Multiple transformers can be configured in the pipeline, including multiple instances of the same transformer. For each transformer instance, component.transformer.id.{order} and component.transformer.class.{transformer-id} have to specified, where {order} and {transformer-id} need to be unique. In the above table, {order} must be an integer and may be negative. {transformer-id} is only used within the configuration to identify which configuration options belong to a certain transformer instance.

Spark settings
Property Name Required Description
ingestor.spark.app.name Yes User-defined name of the Spark application. See Spark property spark.app.name
ingestor.spark.await.termination.timeout No Timeout in milliseconds. Stops query when timeout is reached. This option is only valid with termination method awaitTermination

Settings for built-in components

KafkaStreamReader
Property Name Required Description
reader.kafka.topic Yes The name of the kafka topic to ingest data from. Equivalent to Spark property subscribe
reader.kafka.brokers Yes List of kafka broker URLs . Equivalent to Spark property kafka.bootstrap.servers

Any additional properties for kafka can be added with the prefix reader.option.. E.g. the property kafka.security.protocol can be added as reader.option.kafka.security.protocol

See e.g. the Structured Streaming + Kafka Integration Guide for optional kafka properties.

ParquetStreamReader

The parquet stream reader infers the schema from parquet files that already exist in the source directory. If no file exists, the reader will fail.
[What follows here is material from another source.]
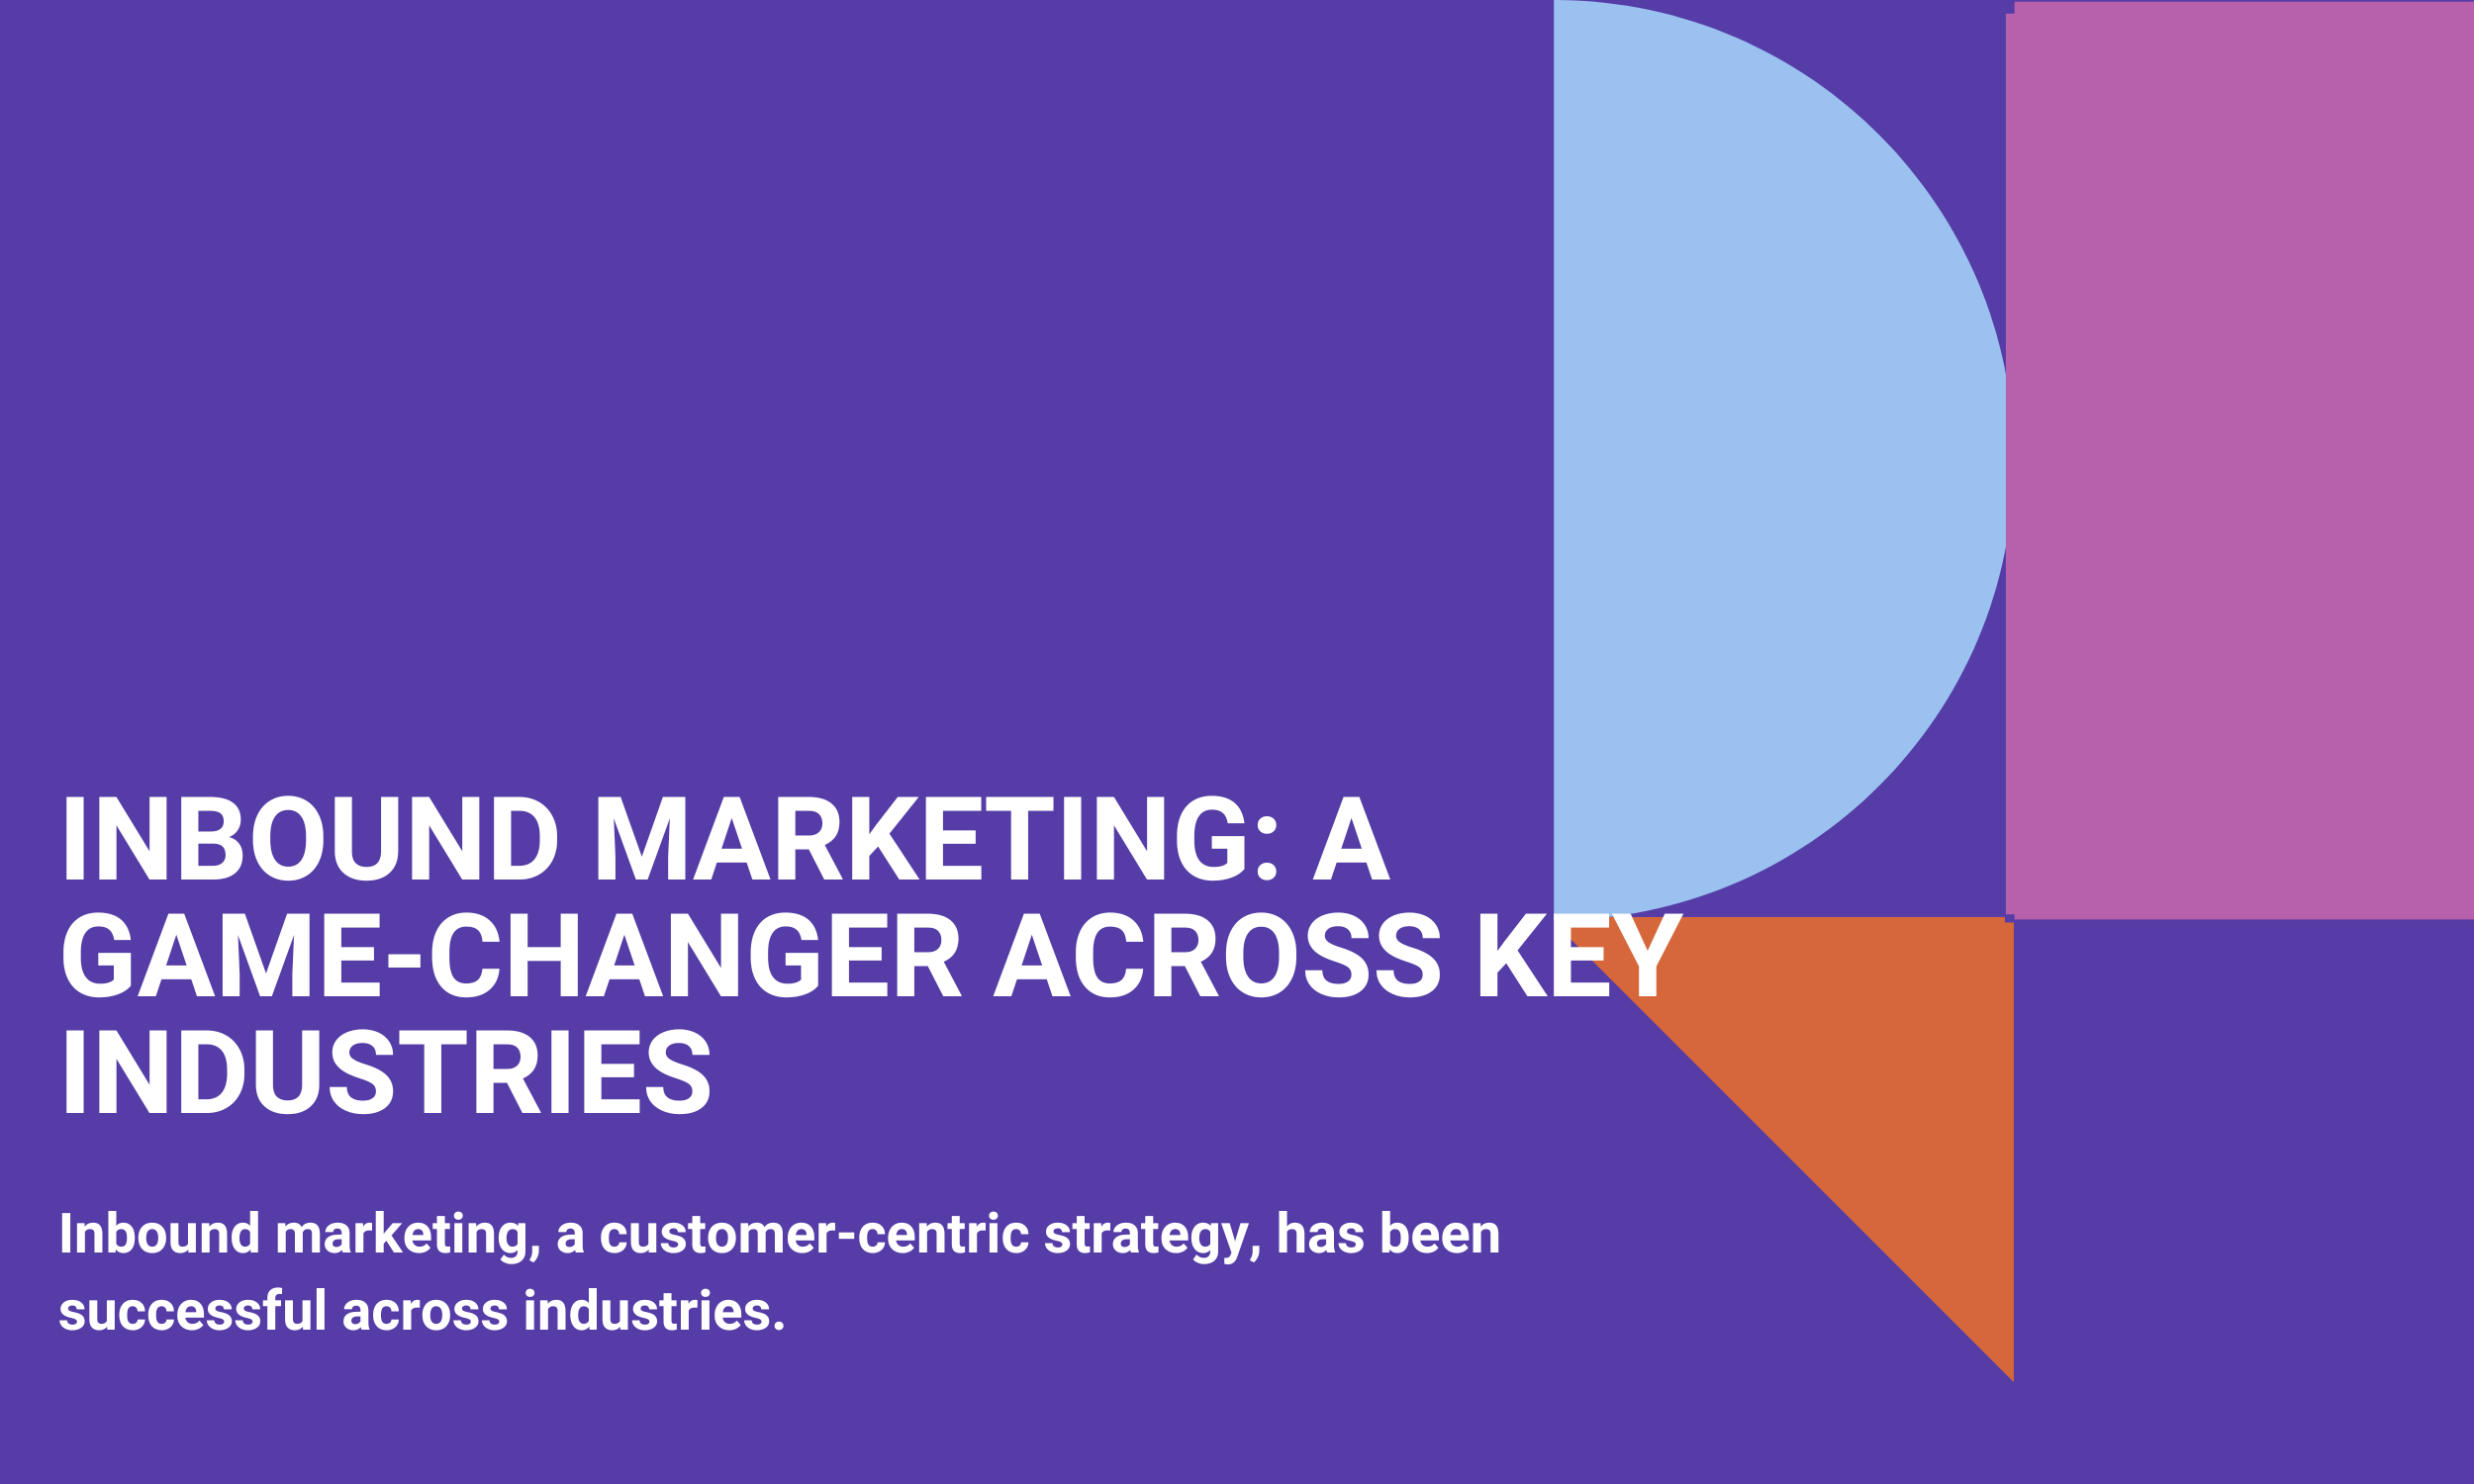 Inbound Marketing: A Game-Changer Across Key Industries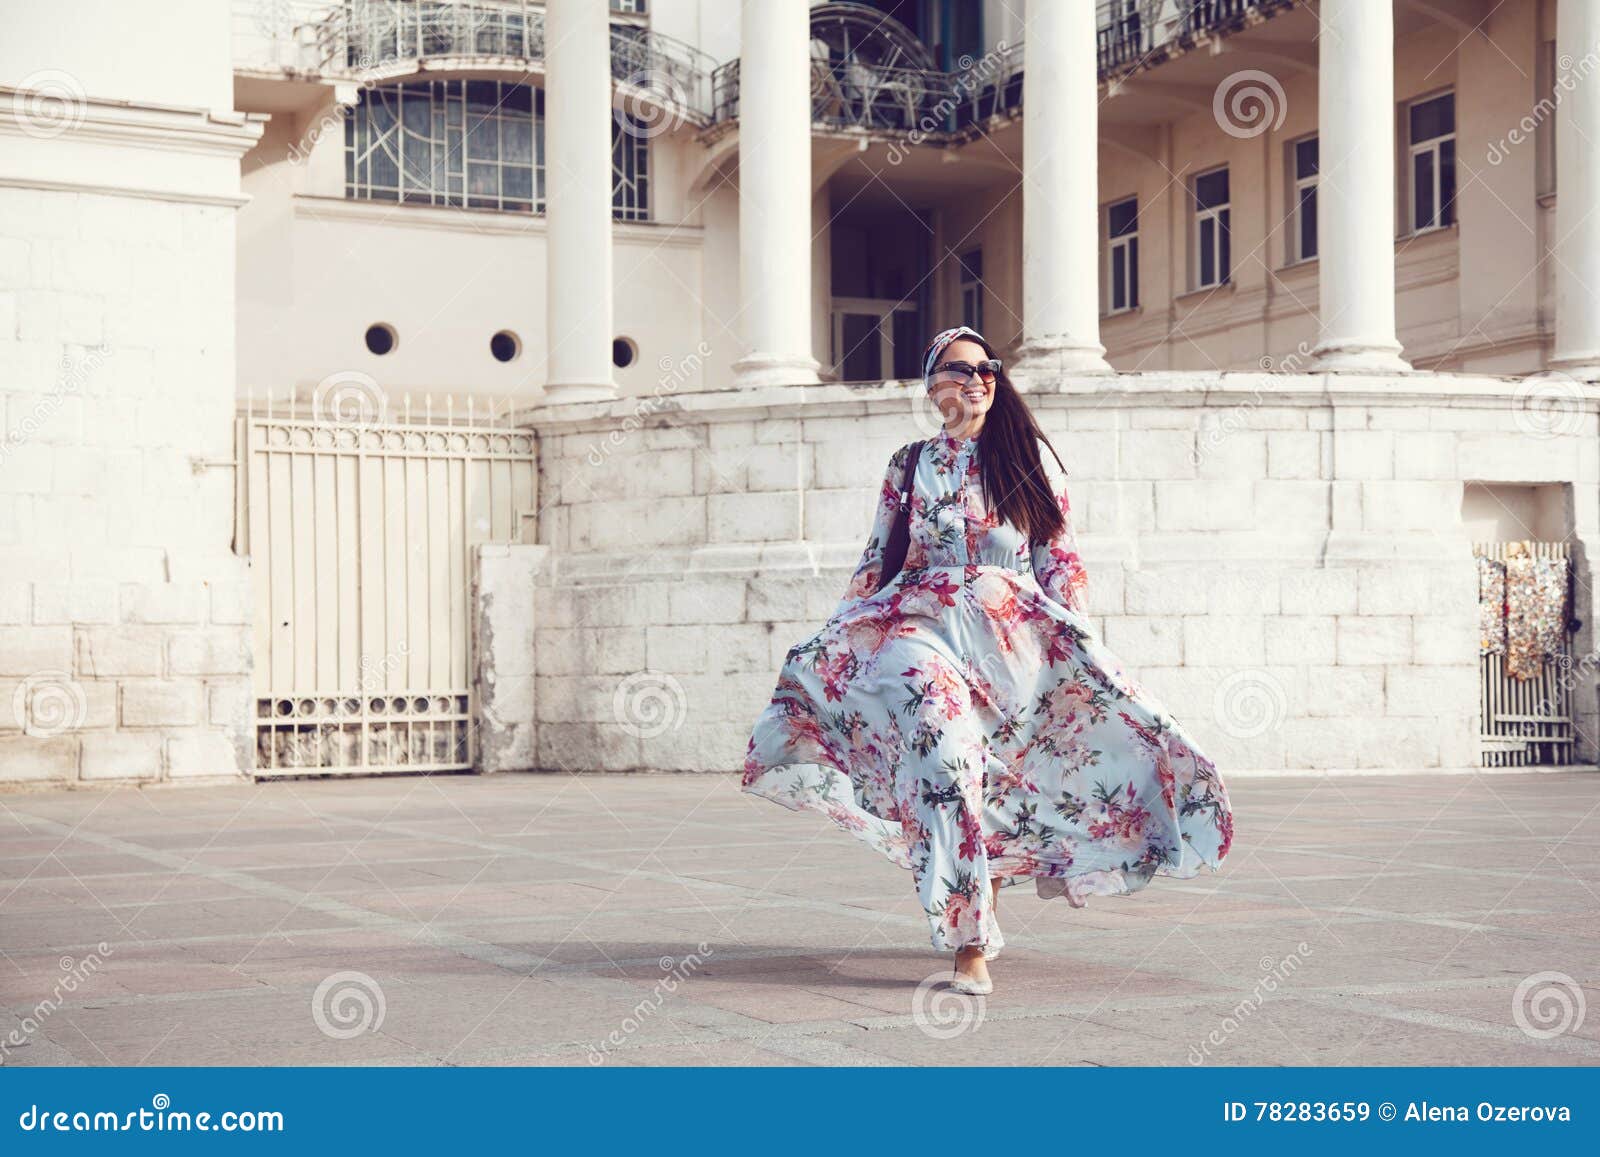 plus size model in floral dress

Property Name Required Description
reader.parquet.source.directory Yes Source path for the parquet files. Equivalent to Spark property path for the DataStreamReader

Any additional properties can be added with the prefix reader.parquet.options.. See Spark Structured Streaming Documentation

ConfluentAvroStreamDecodingTransformer

The ConfluentAvroStreamDecodingTransformer is built on ABRiS. More details about the configuration properties can be found there. Caution: The ConfluentAvroStreamDecodingTransformer requires the property reader.kafka.topic to be set.

Property Name Required Description
transformer.{transformer-id}.schema.registry.url Yes URL of Schema Registry, e.g. http://localhost:8081. Equivalent to ABRiS property SchemaManager.PARAM_SCHEMA_REGISTRY_URL
transformer.{transformer-id}.value.schema.id Yes The schema id. Use latest or explicitly provide a number. Equivalent to ABRiS property SchemaManager.PARAM_VALUE_SCHEMA_ID
transformer.{transformer-id}.value.schema.naming.strategy Yes Subject name strategy of Schema Registry. Possible values are topic.name, record.name or topic.record.name. Equivalent to ABRiS property SchemaManager.PARAM_VALUE_SCHEMA_NAMING_STRATEGY
transformer.{transformer-id}.value.schema.record.name Yes for naming strategies record.name and topic.record.name Name of the record. Equivalent to ABRiS property SchemaManager.PARAM_SCHEMA_NAME_FOR_RECORD_STRATEGY
transformer.{transformer-id}.value.schema.record.namespace Yes for naming strategies record.name and topic.record.name Namespace of the record. Equivalent to ABRiS property SchemaManager.PARAM_SCHEMA_NAMESPACE_FOR_RECORD_STRATEGY
transformer.{transformer-id}.consume.keys No If set to true, keys will be consumed and added as columns to the dataframe. Key columns will be prefixed with key__
transformer.{transformer-id}.key.schema.id Yes if consume.keys is true The schema id for the key.
transformer.{transformer-id}.key.schema.naming.strategy Yes if consume.keys is true Subject name strategy for key
transformer.{transformer-id}.key.schema.record.name Yes for key naming strategies record.name and topic.record.name Name of the record.
transformer.{transformer-id}.key.schema.record.namespace Yes for key naming strategies record.name and topic.record.name Namespace of the record.
transformer.{transformer-id}.keep.columns No Comma-separated list of columns to keep (e.g. offset, partition)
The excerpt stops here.